Germany's economy minister quickly hailed the words of Trump and Juncker, congratulating the two in a tweet:

"The proposed solutions move in the right direction, but a significant portion of skepticism remains," said the DIHK industry group of Germany, expressing concern about the automotive sector tariffs. It said Washington needed to rebuild trust across the Atlantic and remove the "illegal" tariffs.

The German foreign minister, Heiko Maas, earlier had warned that Europe would not cave in to Trump's threats.

"No one has an interest in having punitive tariffs, because everyone loses in the end," Maas wrote on Twitter. "Europe will not be threatened by President Trump. If we cede once, we will often have to deal with such behavior in the future."

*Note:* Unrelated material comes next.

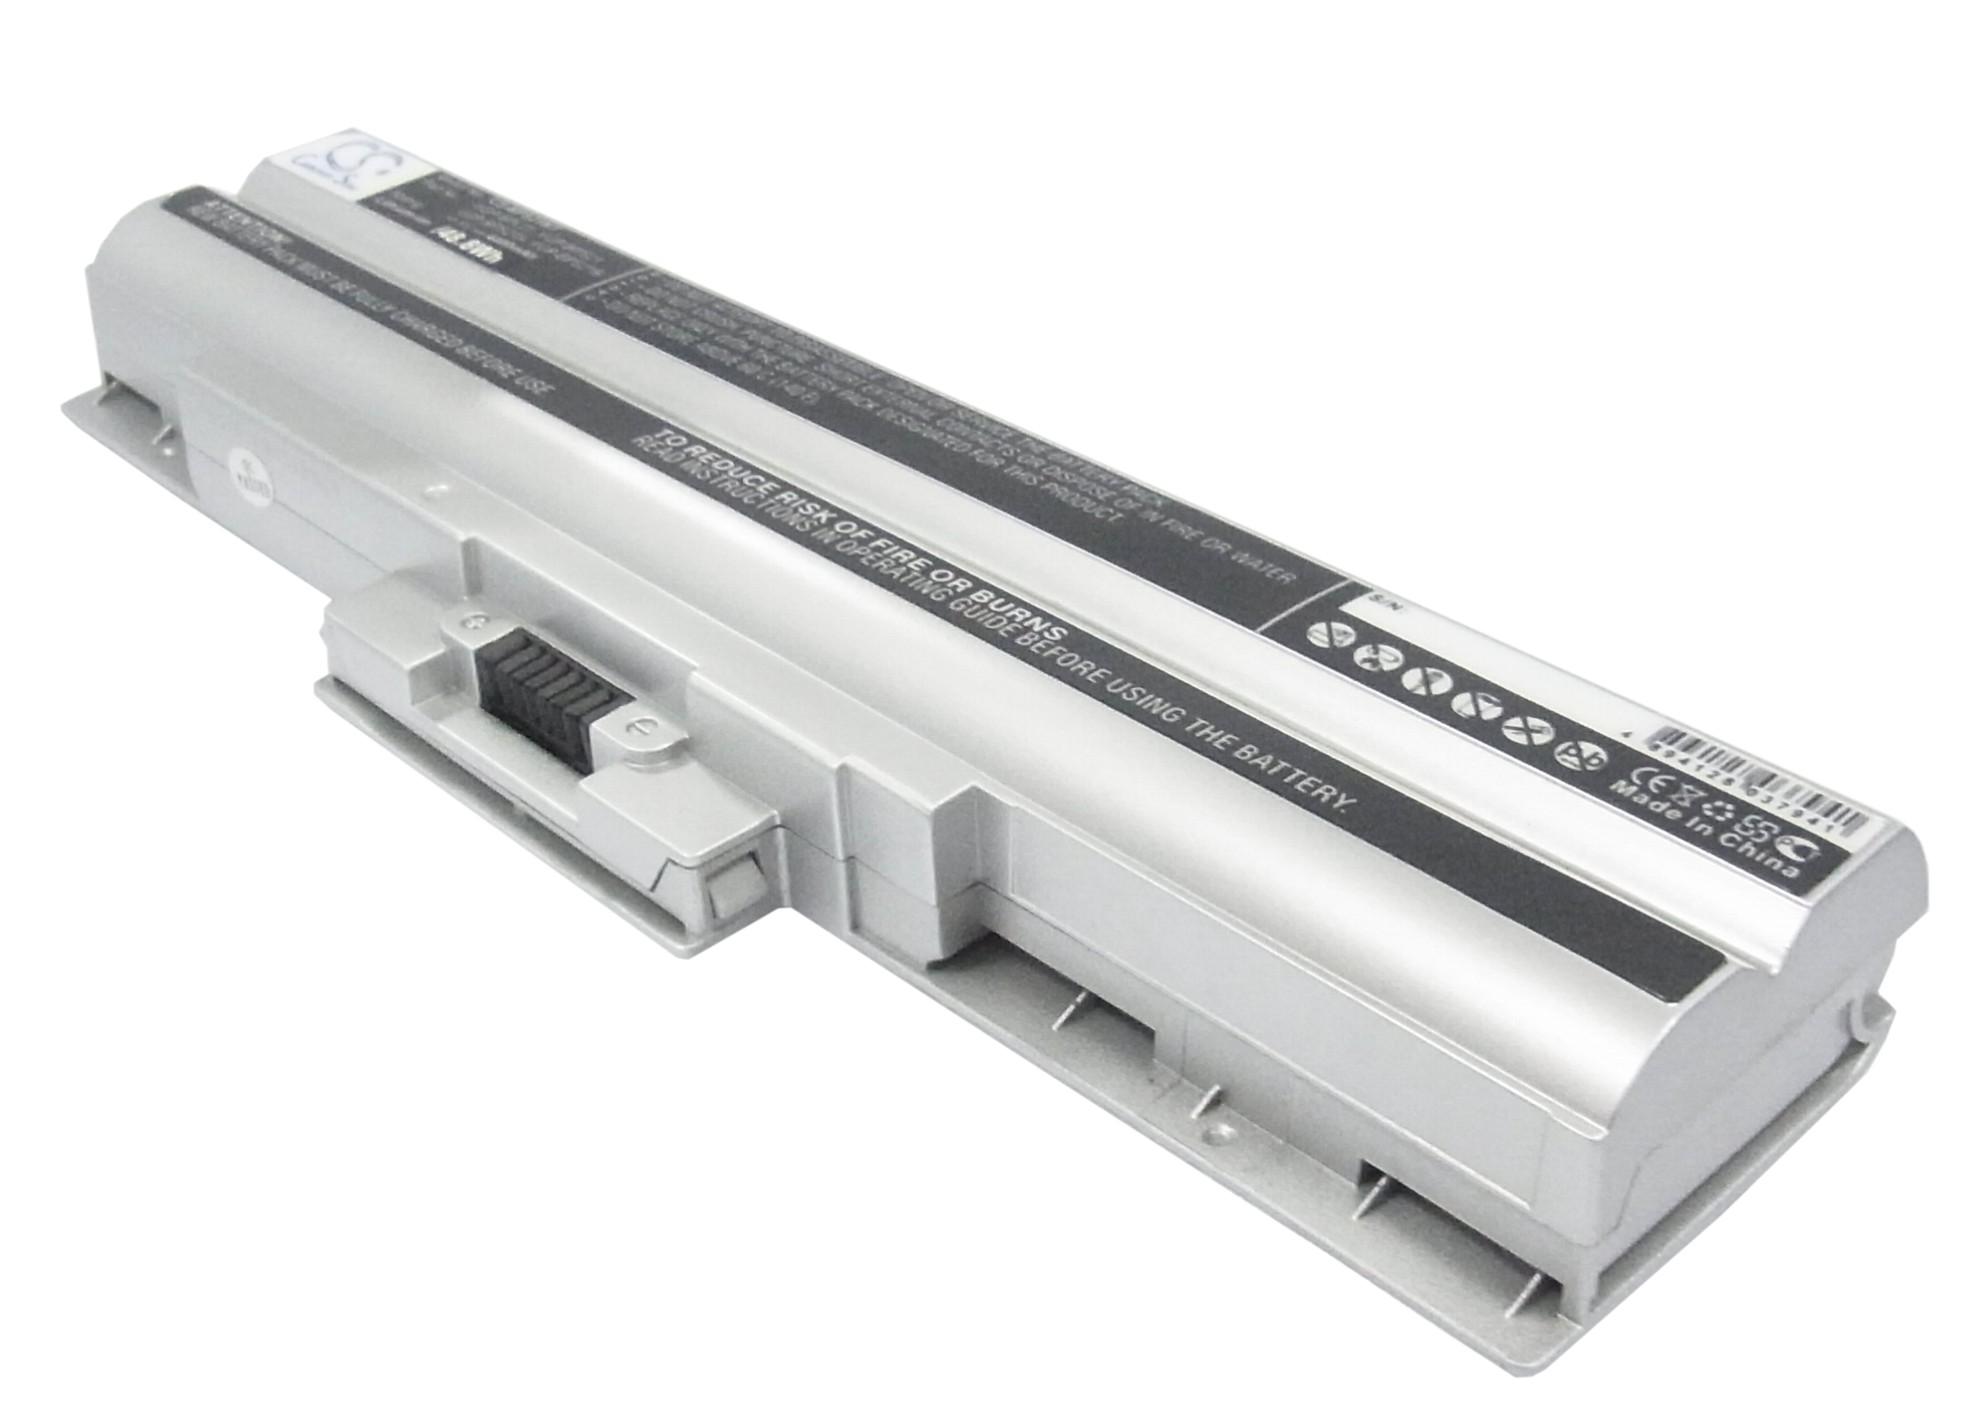 Cameron Sino baterie do notebooků pro SONY VAIO VGN-CS36GJ/T 11.1V Li-ion 4400mAh stříbrná - neoriginální

FILE - German Foreign Minister Heiko Maas addresses the media during a press conference in Oxford, England, April 12, 2018.
FILE - German Foreign Minister Heiko Maas addresses the media during a press conference in Oxford, England, April 12, 2018.

All agricultural products will be discussed in the planned talks between American and European officials, according to U.S. Commerce Secretary Wilbur Ross.

Immediately following the Rose Garden announcement, Trump met with 13 senators and representatives from farm states. American agricultural exports to the EU last year totaled more than $11 billion, making the continent the fifth-largest export market for American farmers.

Some of the lawmakers were outside under the colonnade when the U.S. president made his announcement about a truce, and they applauded.

Markets also cheered the joint announcement. When word of a deal leaked out just prior to the close of stock trading in New York, benchmark indexes rallied while currency dealers bought the euro, sending it soaring against the U.S. dollar.

No resolution on steel, aluminum

Some analysts were less bullish than the traders.

The joint announcement "did not advance the ball very far," said William Reinsch, a senior analyst at the Center for Strategic and International Studies.

"All in all, there is not a lot there, but it's still better than attacking each other," Reinsch, who served as undersecretary of commerce for export administration during the Clinton administration, told VOA.

"Yes, we avoided an escalation. But an avoidance of a disaster is not a success, per se," said Marie Kasperek, associate director of the Global Business and Economics Program at the Atlantic Council, a global affairs think tank in Washington.

She expressed disappointment that there was no immediate resolution of the steel and aluminum tariffs issue and no deadline set for one.

"I don't see how the EU, after having used the mantra 'we are not negotiating with a gun held to our head' for weeks and months, will be able to negotiate anything without losing face," Kasperek told VOA.